In September 2018, Reuters published an interview with Engro CEO Ghias Khan that suggested the company might be interested in investing in real estate, or at least was considering opportunities in the space. “      Undeterred by Chinese investment jitters and the recently wobbly economy, Khan said Engro was weighing acquisitions and starting new businesses in agriculture, healthcare, real estate, communications and other consumer-linked sectors to profit from rising incomes in the Muslim majority country of 208 million people, 60 percent of whom are aged under 30,” the Reuters story stated.

It quoted Khan as saying: “If you look at sectors that did well when they were where Pakistan is today … like real estate, automobiles, healthcare, logistics – everything is somehow related or linked to population growth or the middle class.”

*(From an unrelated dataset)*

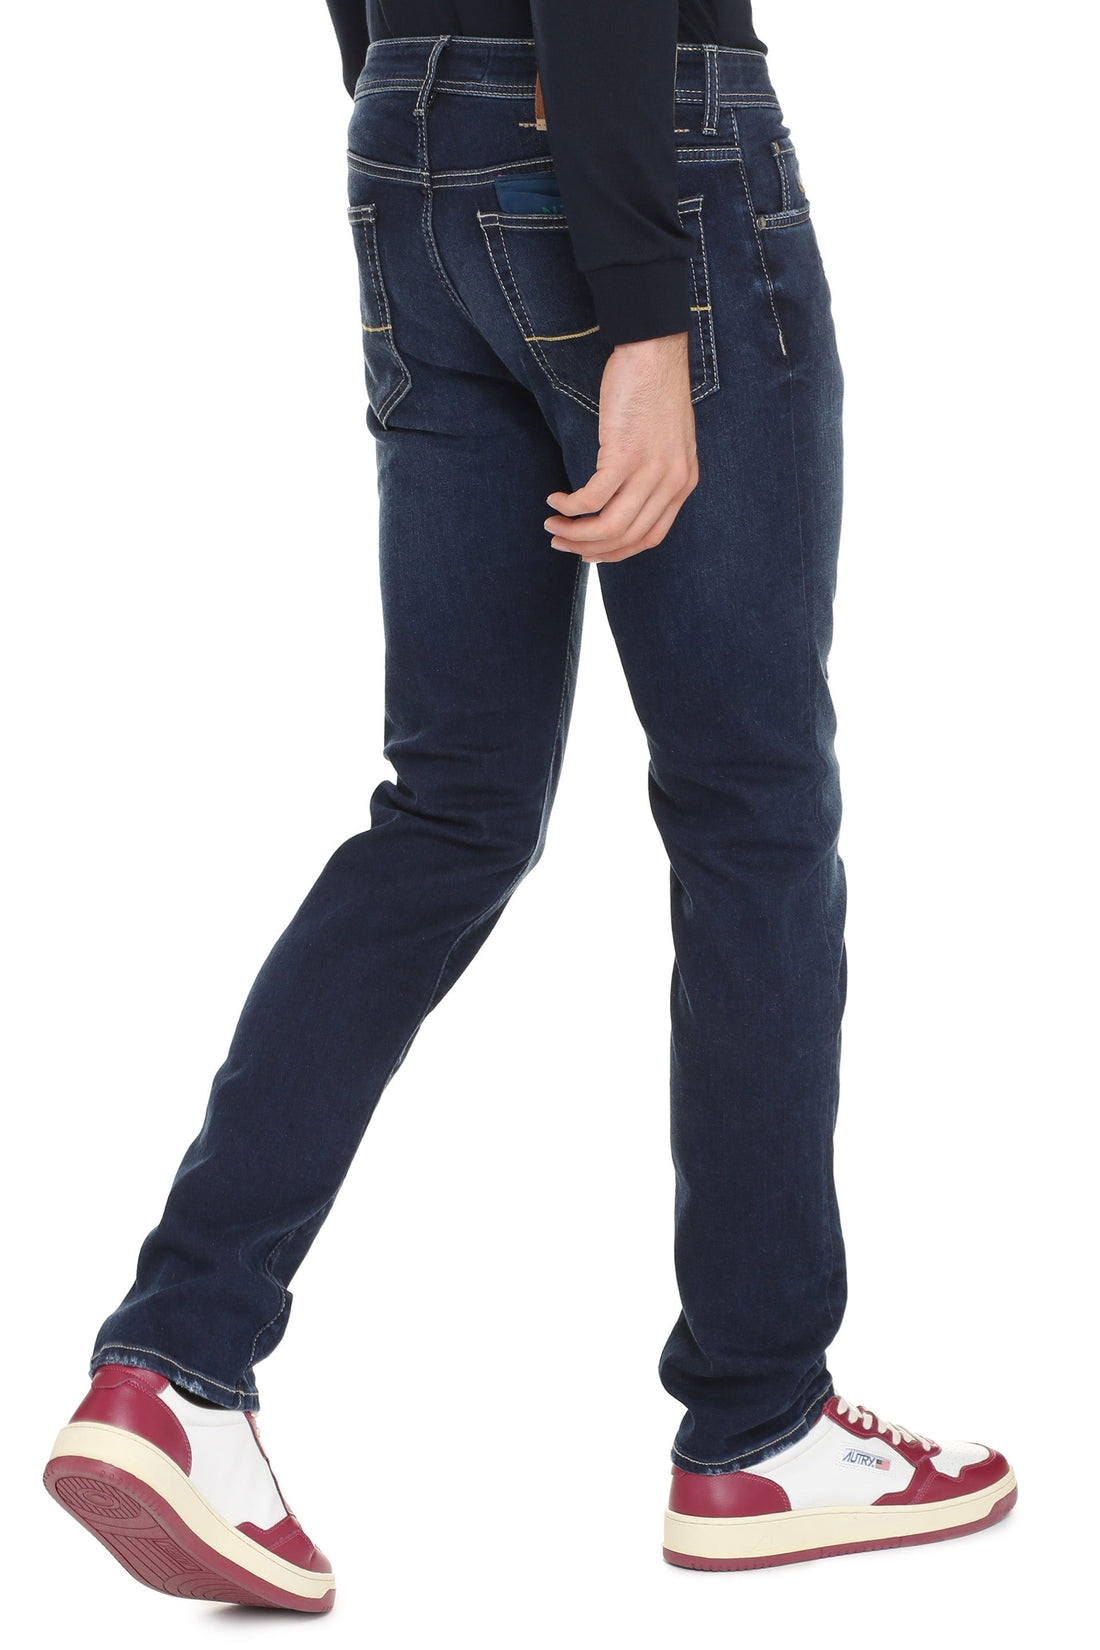 Jacob Cohen-OUTLET-SALE-Bard slim fit jeans-ARCHIVIST

And there were indeed some rumours earlier this year about Engro possibly considering an acquisition of Emaar’s assets in Karachi’s Defence House Authority neighbourhood, specifically the Crescent Bay project. However, while real estate is certainly a consumer-facing area of investment, it is one that is likely one of the least attractive from an institutional investor’s perspective, not least because of the extreme distortions in land prices in Pakistan that result in monthly mortgage payments frequently being twice as high as monthly rents for the same property.

Crescent Bay Karachi construction site

It is unclear what Engro would even do with real estate. Everything the company’s management and board of directors have stated suggests that they are looking for long-term investments in building out essential services for Pakistan. But once a real estate project is done and sold, that is it as far as the developer is concerned. They move on and build something else in a different location. Even if Engro were to consider what would at this point effectively be a bailout of Emaar in Pakistan, what would they do even if they managed to finish building the Crescent Bay project and sell all of the apartments (a big if, one might add)?

Engro is unlikely to see itself as a real estate development company. So why bother investing in a massive, capital-intensive asset that does not have the potential to be a long-term investment?

A broader vision

If there is one phrase that would describe Engro’s approach to how it is thinking about its investment strategy, it is “purpose-driven capitalism”, an almost idealistic vision of the ability of capital – and those who wield it – to change the world they inhabit for the better by investing in things that people need, and making money along the way.

“Purpose” is a word Samad Dawood used repeatedly in his interview with Profit, suggesting that it is a concept that is top of mind for the board, and likely a key deciding factor in how the company will make its decision. As chairman of the board’s investment committee, Samad is likely to have considerable influence on the ultimate outcome of those deliberations.

The investments that Engro is considering do not have a unifying commercial theme, other than the fact that they each address a critical piece of the infrastructure that Pakistan needs for its economic development and currently does not have.

In that respect, the old spirit of Engro – imbued into the company’s soul by its first post-1991 CEO Shaukat Raza Mirza – appears to be alive and well: the notion that the company should be the vehicle where the best of Pakistani corporate talent meets a large pool of capital and seeks to solve some of the country’s biggest and most complex challenges.

Regardless of what direction they take next, regardless of what project they choose, if Engro can keep that spirit alive within its workforce, it will likely find itself succeeding financially.

1 COMMENT

  1. Reading this article, reaffirms my belief that the Dawoods have become too conservative for their own good. It started with the ridiculous audit done my McKinsey which made them sell everything and bet everything on Energy. Now they seem to have chickened out of it, which brings us to their current predicament.

    The amount of money involved will ensure that they come out of this doing just fine. But what a wasted opportunity.